June 16, 2016
Dear Faculty, graduate and undergraduate students,
You are cordially invited to my Masters thesis defense.
Title: Automatic K-Expectation-Maximization (K-EM) clustering algorithm for data-mining applications
When: Thursday, June 23, 2016 at 1:00 PM
Where: Simrall Hall, Room 228
Candidate: Archit Harsh
Degree: Masters, Electrical and Computer Engineering
Committee:
Dr. John E. Ball
Assistant Professor of Electrical and Computer Engineering (Major Professor)
Dr. Nicolas H. Younan
Professor of Electrical and Computer Engineering (Committee Member)
Dr. Mahalingam Ramkumar
Associate Professor of Computer Science and Engineering (Committee Member)
Abstract:
A non-parametric data clustering technique for achieving efficient data-clustering and improving the number of clusters is presented in this thesis.

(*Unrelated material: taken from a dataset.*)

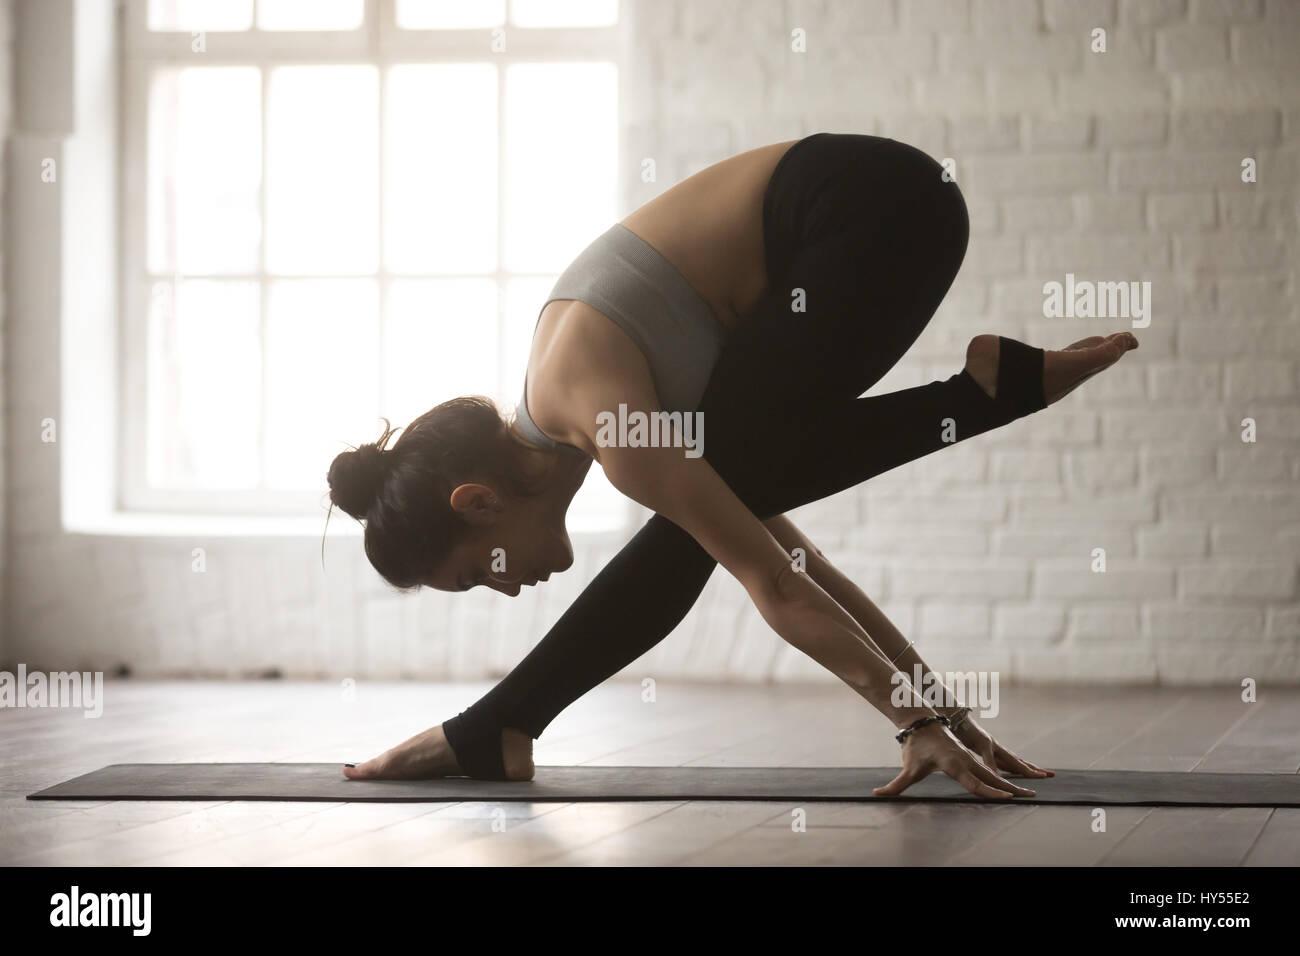 Jeune femme séduisante en équilibre danse posent, loft blanc studi Photo Stock
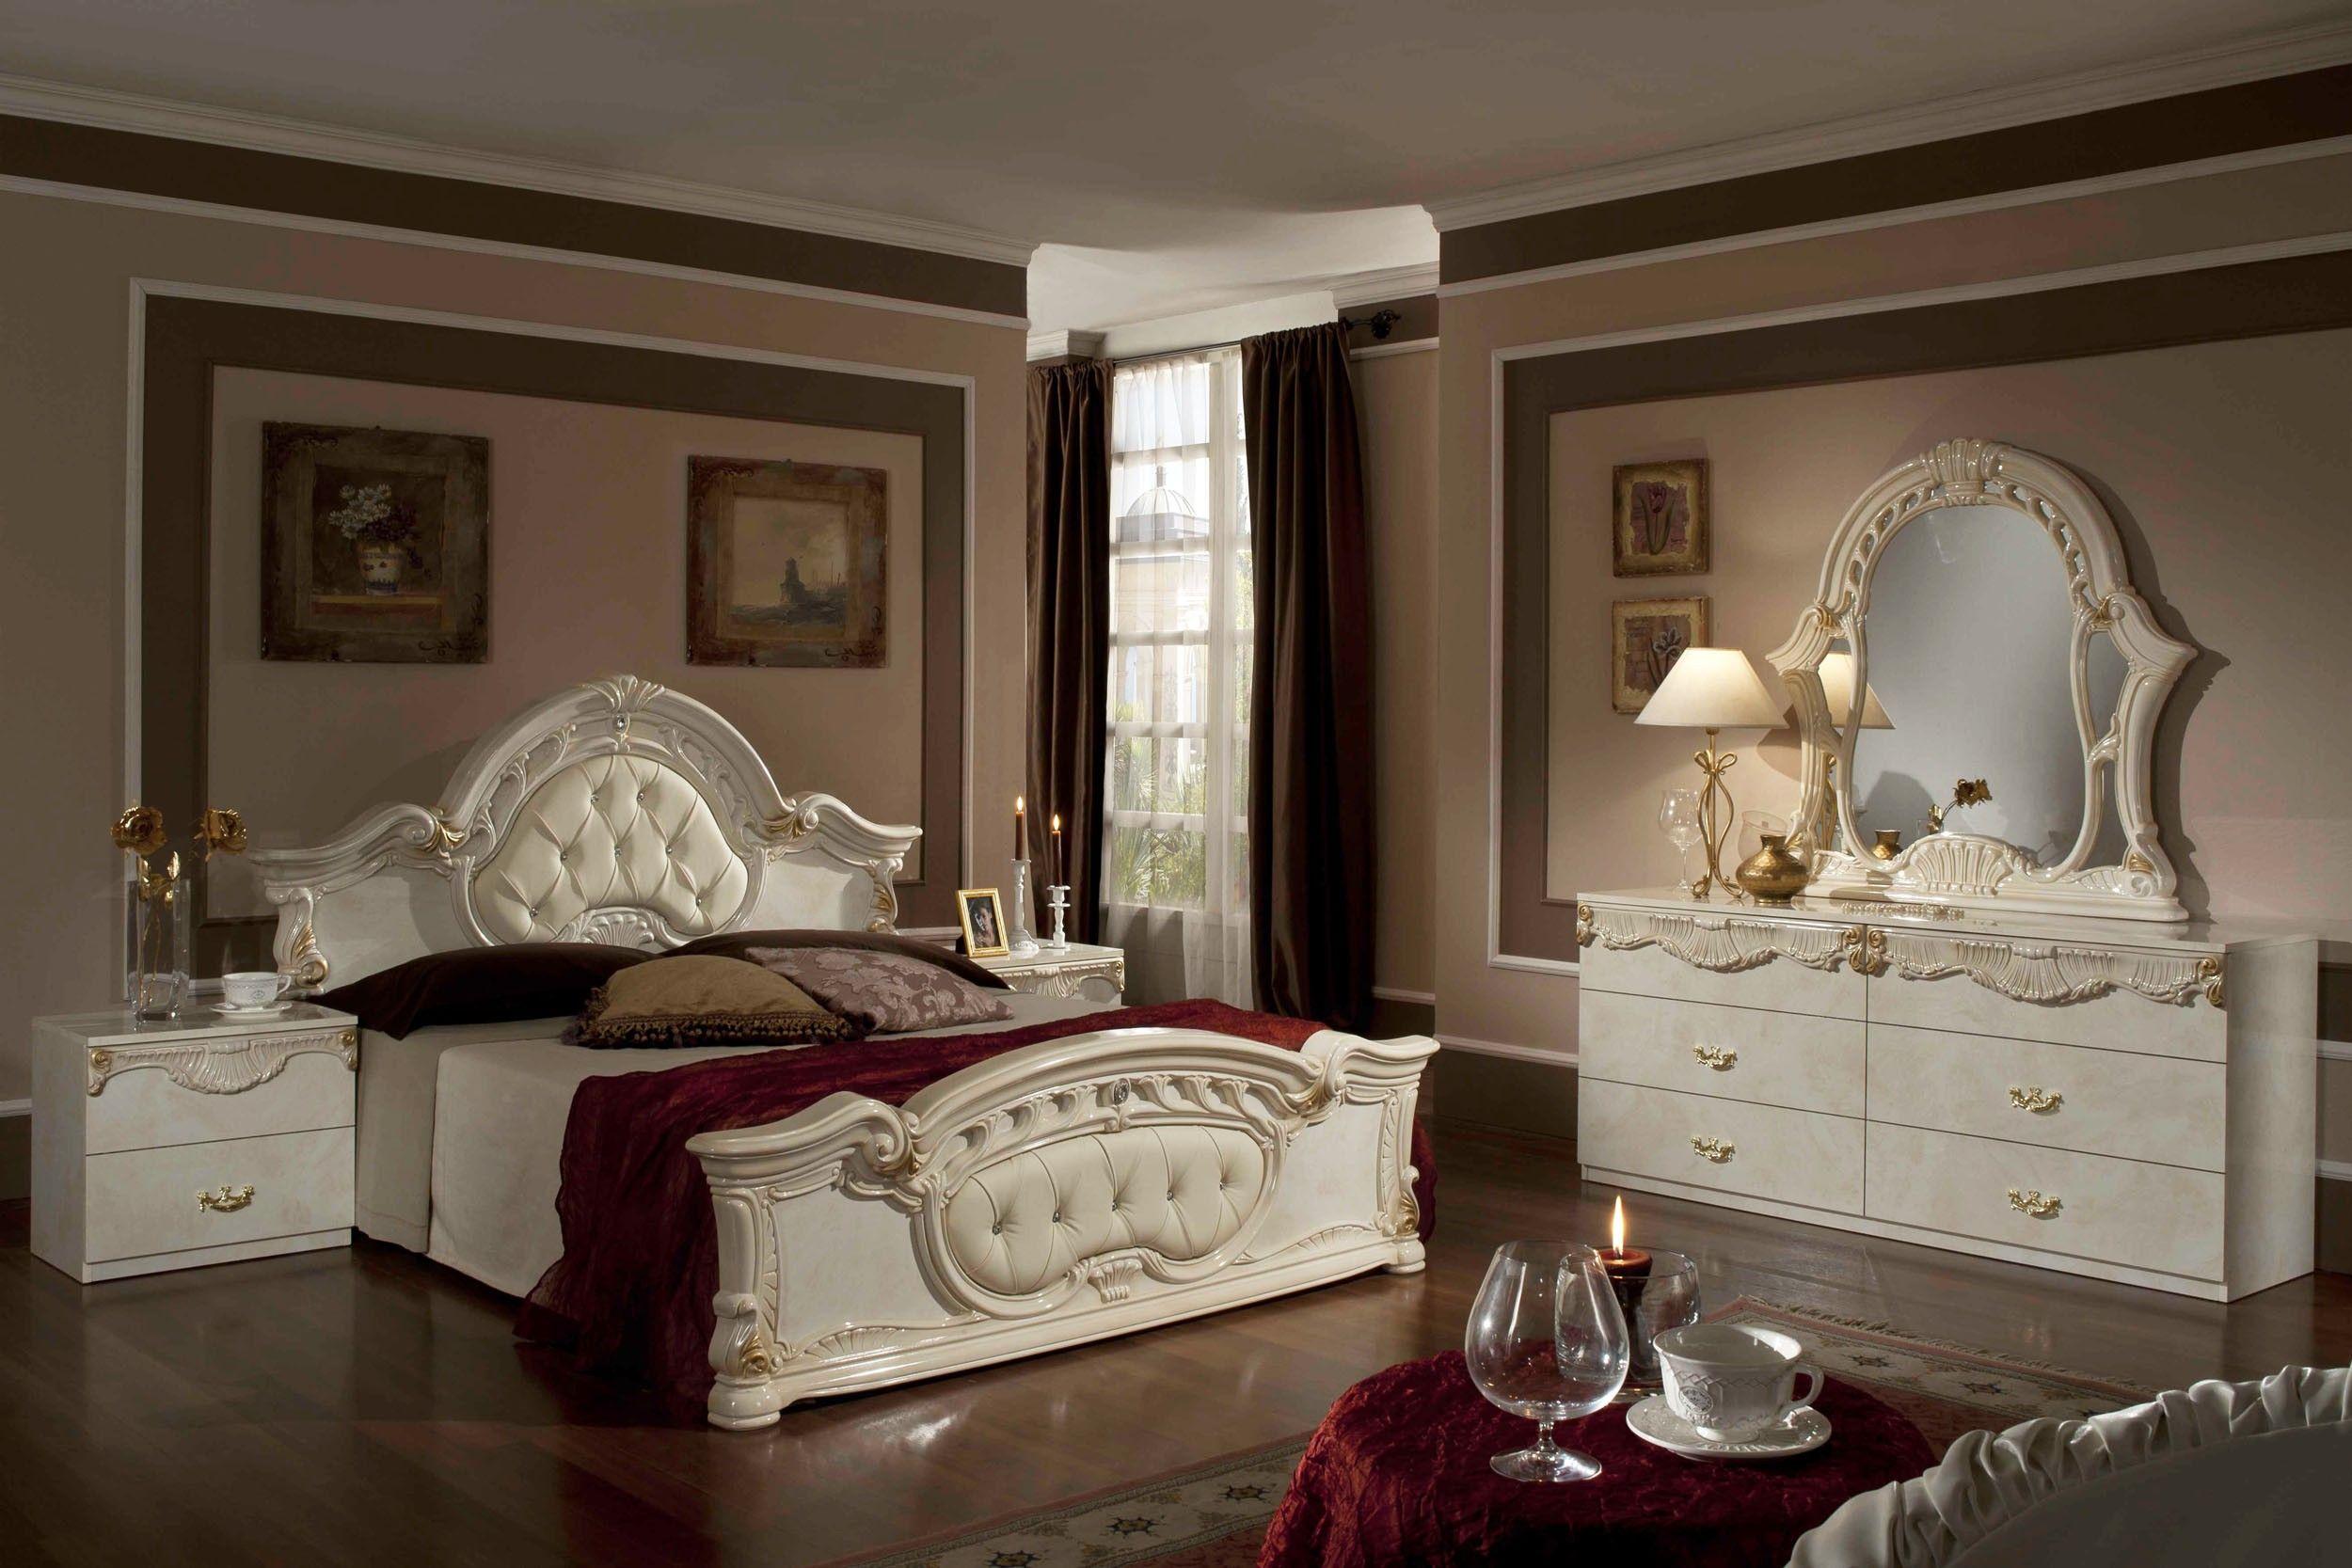 Modrest Rococo   Italian Classic Beige Bedroom Set. $2,230

Specifically, two methods are proposed: Automatic K-Means and K-Expectation-Maximization (K-EM). The computational task of classifying the data set into k clusters is often referred to as k-clustering. K-Means and Expectation-Maximization algorithms have been widely deployed in data-clustering applications in relational databases. Result findings in related works studied in the literature revealed that both these algorithms have been found to be characterized with shortcomings. K-Means does not guarantee convergence and the choice of clusters heavily influence the results. Expectation-Maximization’s premature convergence does not assure the optimality of results and as with K-Means, the choice of clusters influences the results. To overcome the shortcomings, a fast automatic K-EM algorithm is developed and implemented that could both guarantee convergence and optimality of results. As an advantage of a non-parametric clustering technique, the proposed method provides the optimal number of clusters by utilizing various internal cluster validity metrics. thereby making it independent of the choice of clusters and provides and unbiased results. The algorithm is implemented on a wide array of data-sets including real and synthetic data sets to validate the accuracy of the results and efficiency of the algorithm.
Best Regards,
Archit Harsh